But the highlight of the evening was the 120-meter ski jumping contest — the battle of the big hill. Simon Ammann, a 20-year-old stringbean of a Swiss kid who looks about 14 (with his horn-rim glasses and slightly wacky thin-lipped visage, he resembles a Helvetian Harry Potter, as Bob Costas was quick to observe), had shocked the jumping world by winning on the 90-meter hill. Ammann — who suffered a serious fall and a concussion recently — had never won anything, while his rivals — including Adam Malysz, aka “the Polish Batman” (almost as bad a nickname as luge legend Georg Hackl’s “White Sausage,” which sounds like a locker-room NBA joke), and the Finn Matti Hautamaeki were seasoned veterans.

If you don’t look closely at Ammann, you’d think you could shake him down for lunch money, which he would pull with trembling pink hands out of his little Swiss schoolboy satchel. But when you look more closely you see something else — a boyish wildness, a pure, eccentric determination. And regardless of what he looks like, Ammann has it — whatever the secret is that allows a ski jumper to fit his body into the air like a key in a lock, the key that opens distance.
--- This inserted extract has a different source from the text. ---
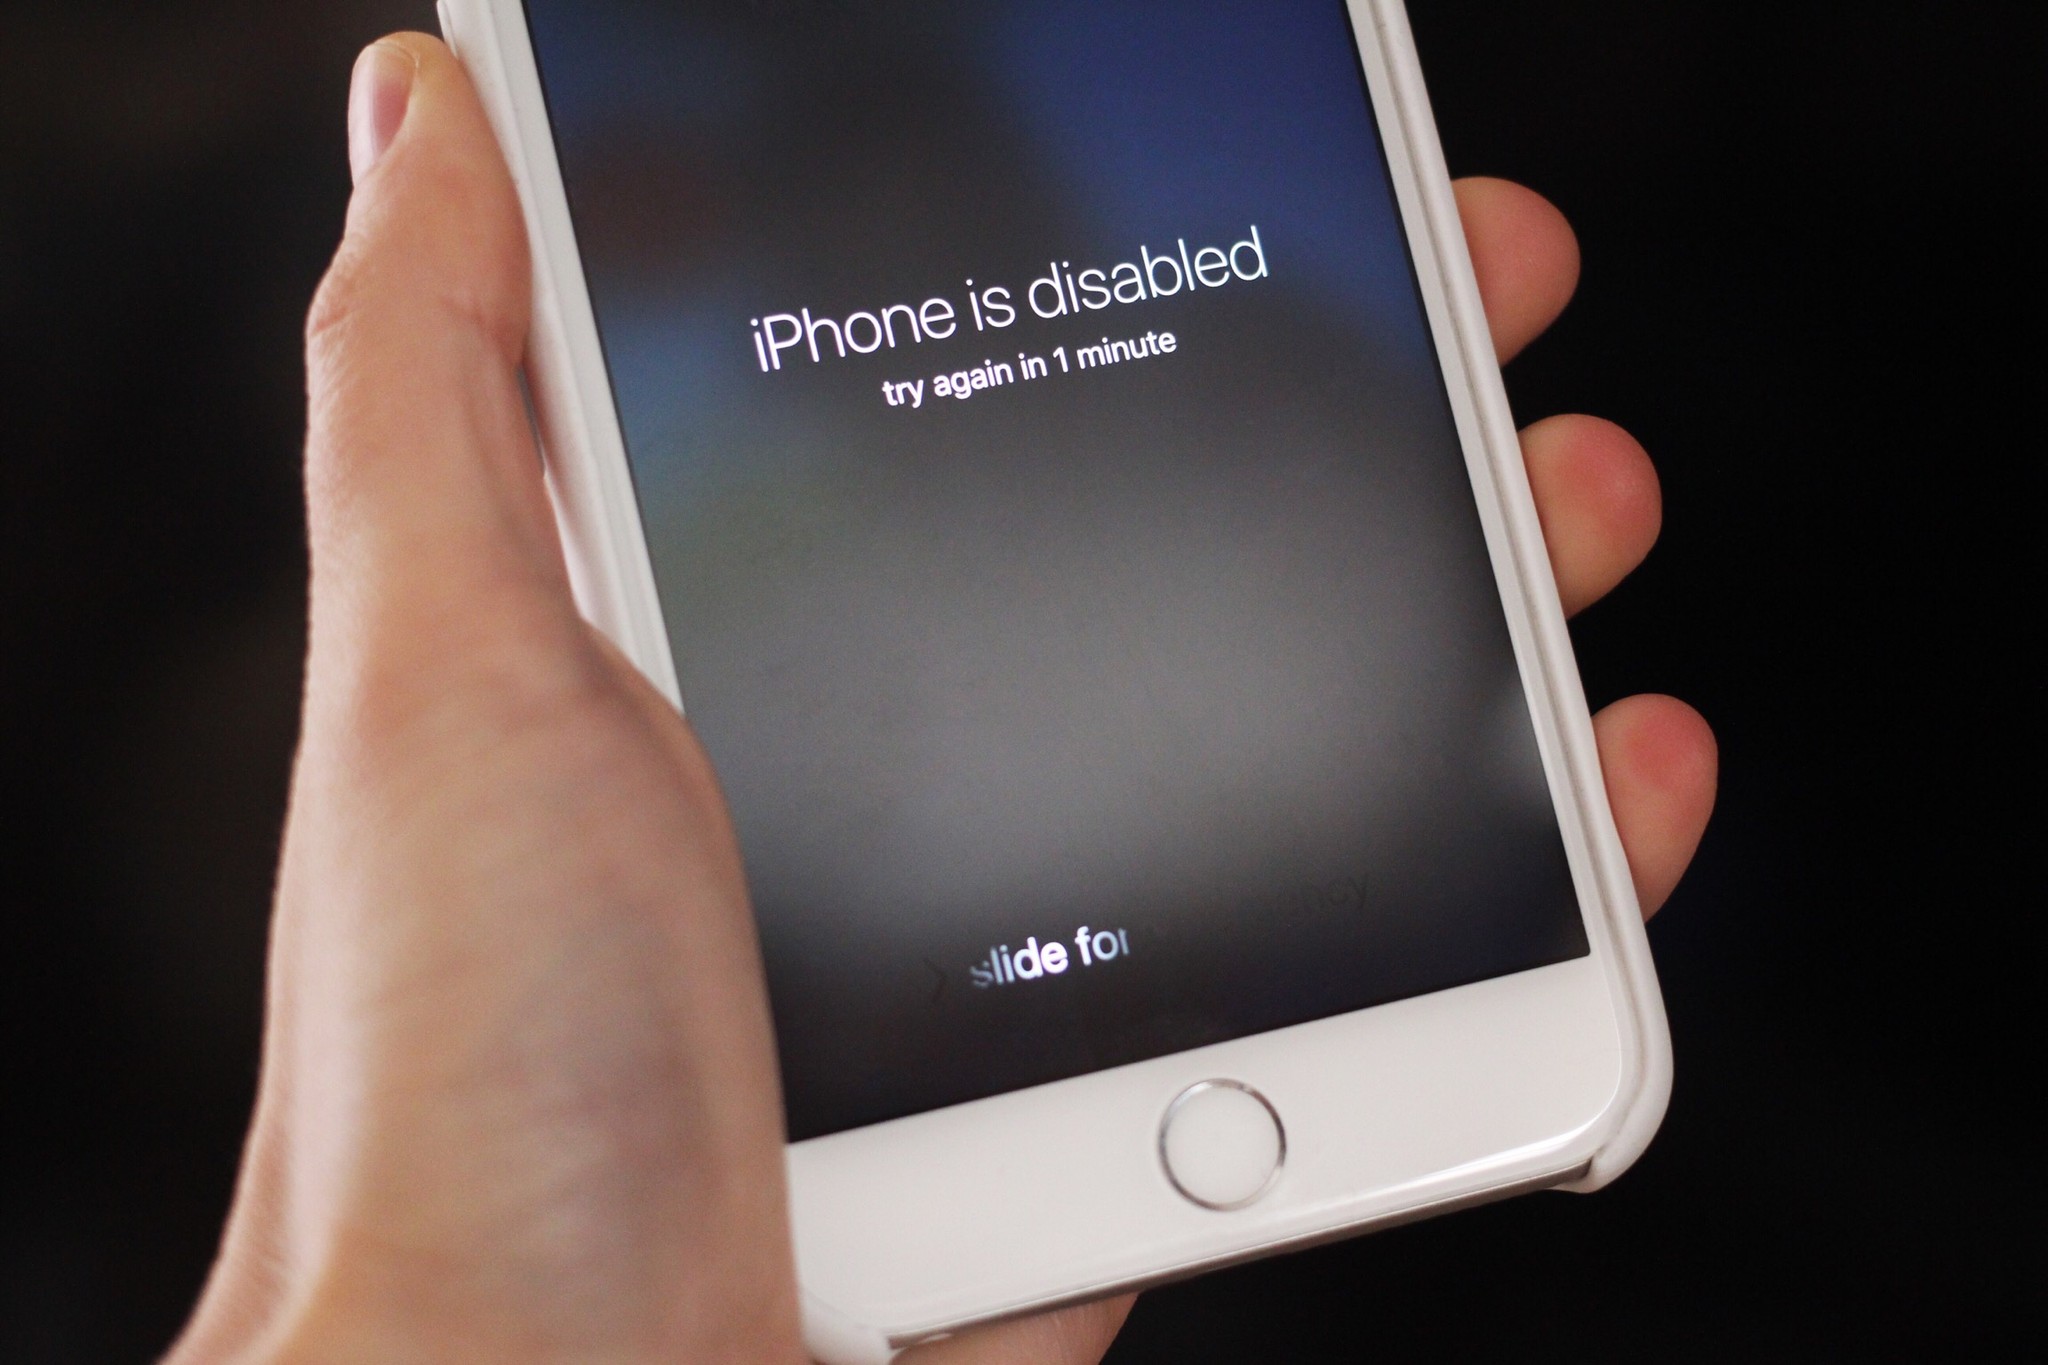  A person holding a phone that is locked and disabled with a message saying 'iPhone is disabled, try again in 1 minute'.
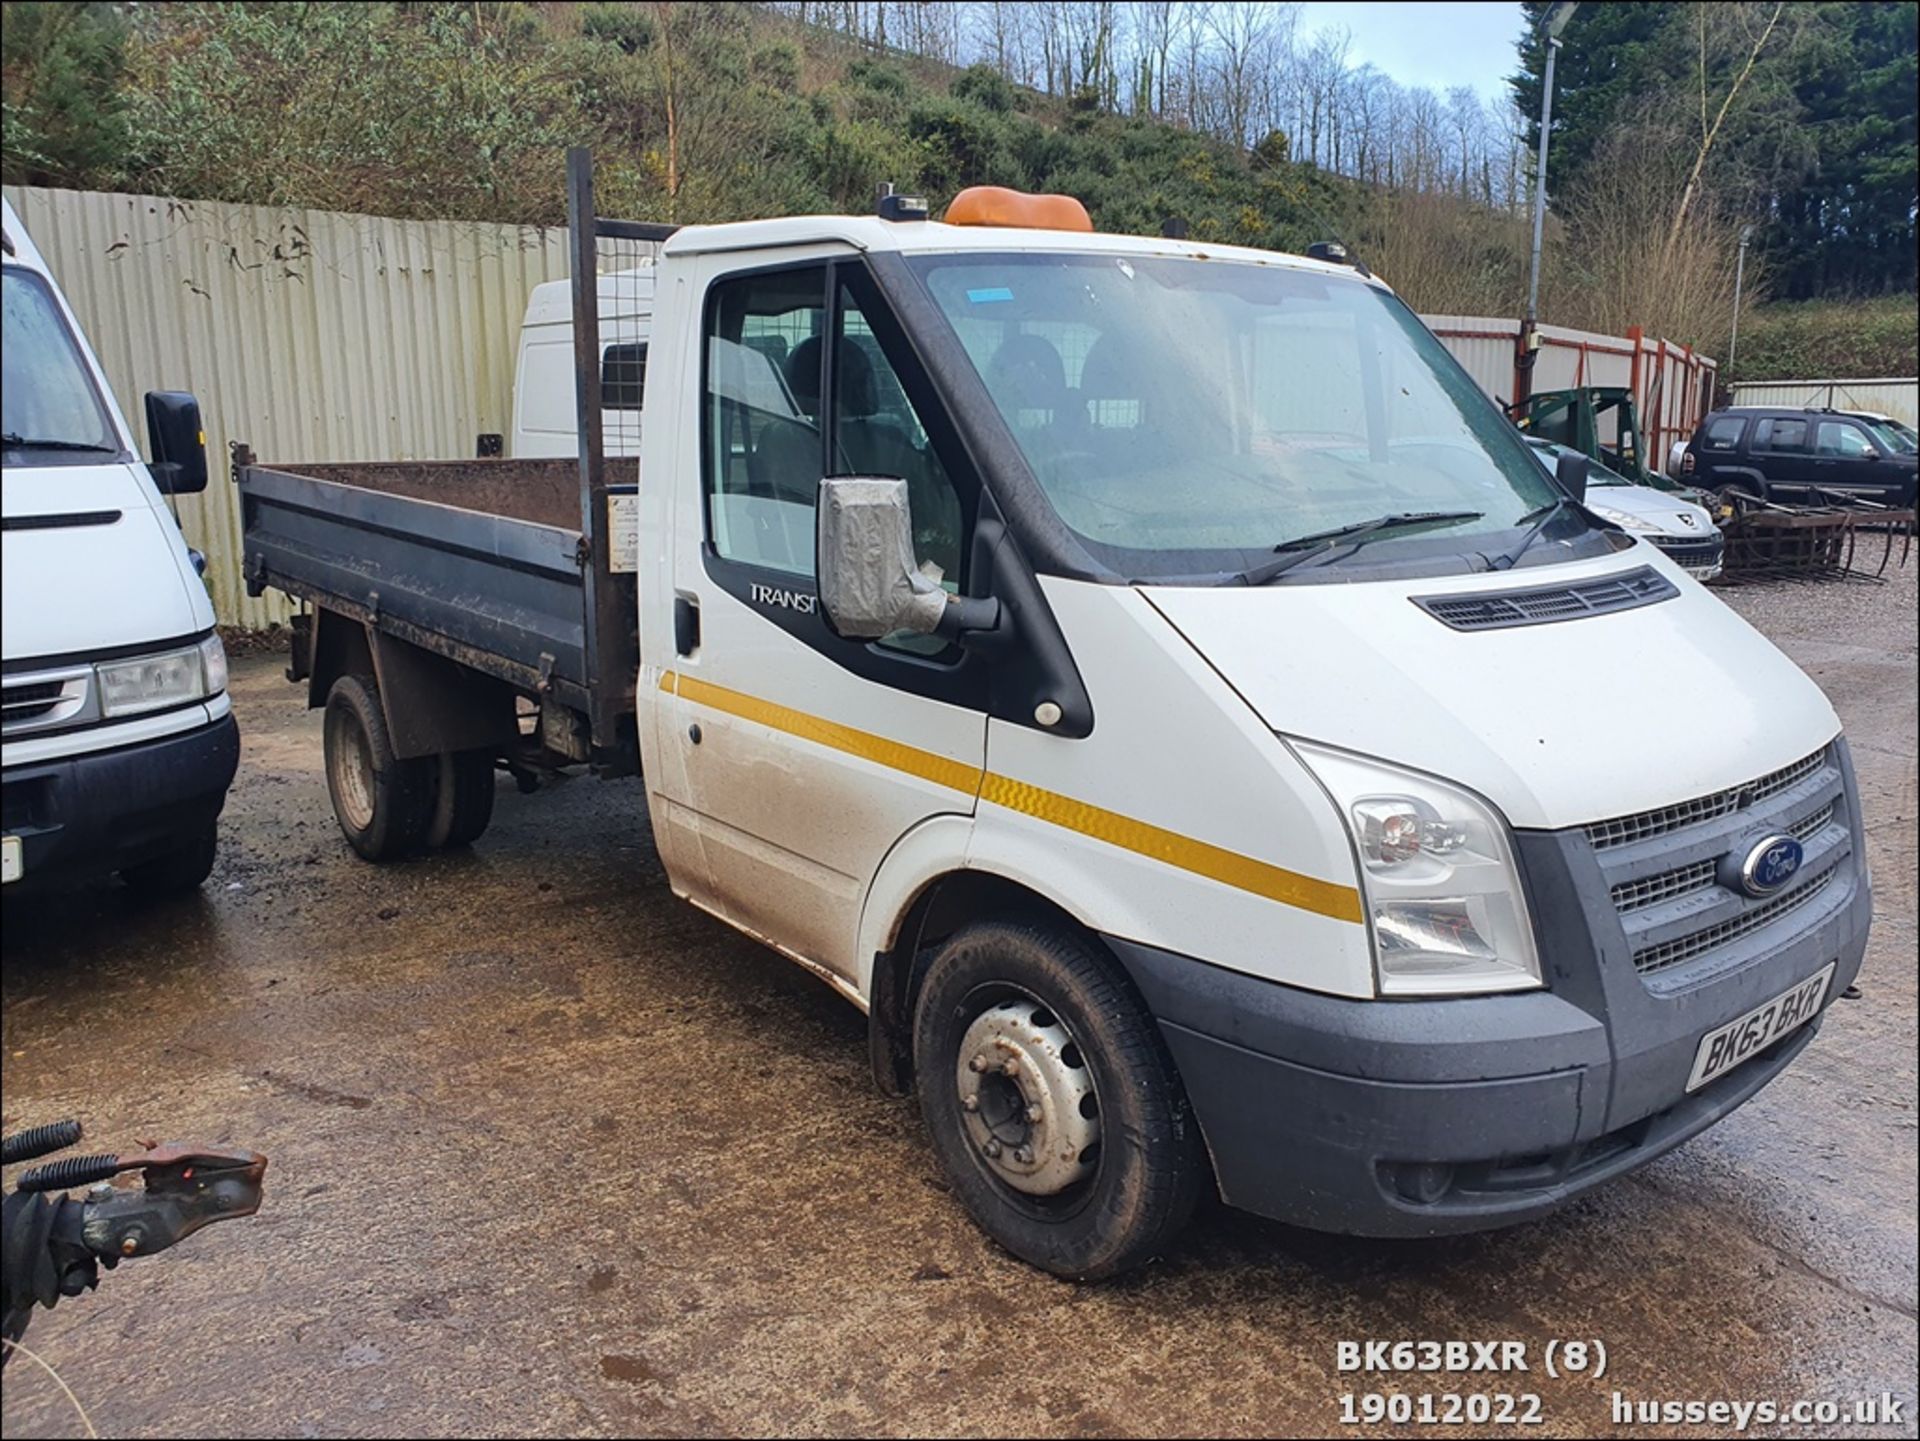 13/63 FORD TRANSIT 100 T350 RWD - 2198cc 2dr Tipper (White, 113k) - Image 8 of 14

I was privileged to see the great team finals competition at Nagano, one of the most memorable events of that Olympics, when the Japanese, jumping through a blizzard, came back to win before their ecstatic, weeping fans. TV doesn’t capture ski jumping. It can’t. You have to see it all, smell it, feel the scale in your bones to appreciate it. It’s an awesome spectacle — the huge curved ramp, weird and ominous with its Triumph-of-the-Will architecture, like a combination angel-making machine and deadly conveyor belt. The bracing thin air, the mountains. The jumper far above you, waiting at the top, the harrowing glide down the ramp and then the uncanny moment of release, the strange exquisite launching of a heavy man far out into the air.

Ammann was tied with the German Hannawald for first after the first jump — 132.5 meters, 140.5 points. But any of the big guys could take the gold if they hit their second jumps. Hautamaukei put up a strong 125.5. Then Malysz took off as his countryman Lech Walesa cheered him on — 128.0.

Ammann was next. He began his run down the ramp. He hit the air, his takeoff was clean, he was flat and still and quiet, and he sailed true like a paper plane thrown into the wind by a kid with the right touch, landing far down the hill. 133.0. The crowd went crazy.

There was one more jumper, Hannawald. He went a long way, but he touched the ground with his hand upon landing and was disqualified. Ammann was champion.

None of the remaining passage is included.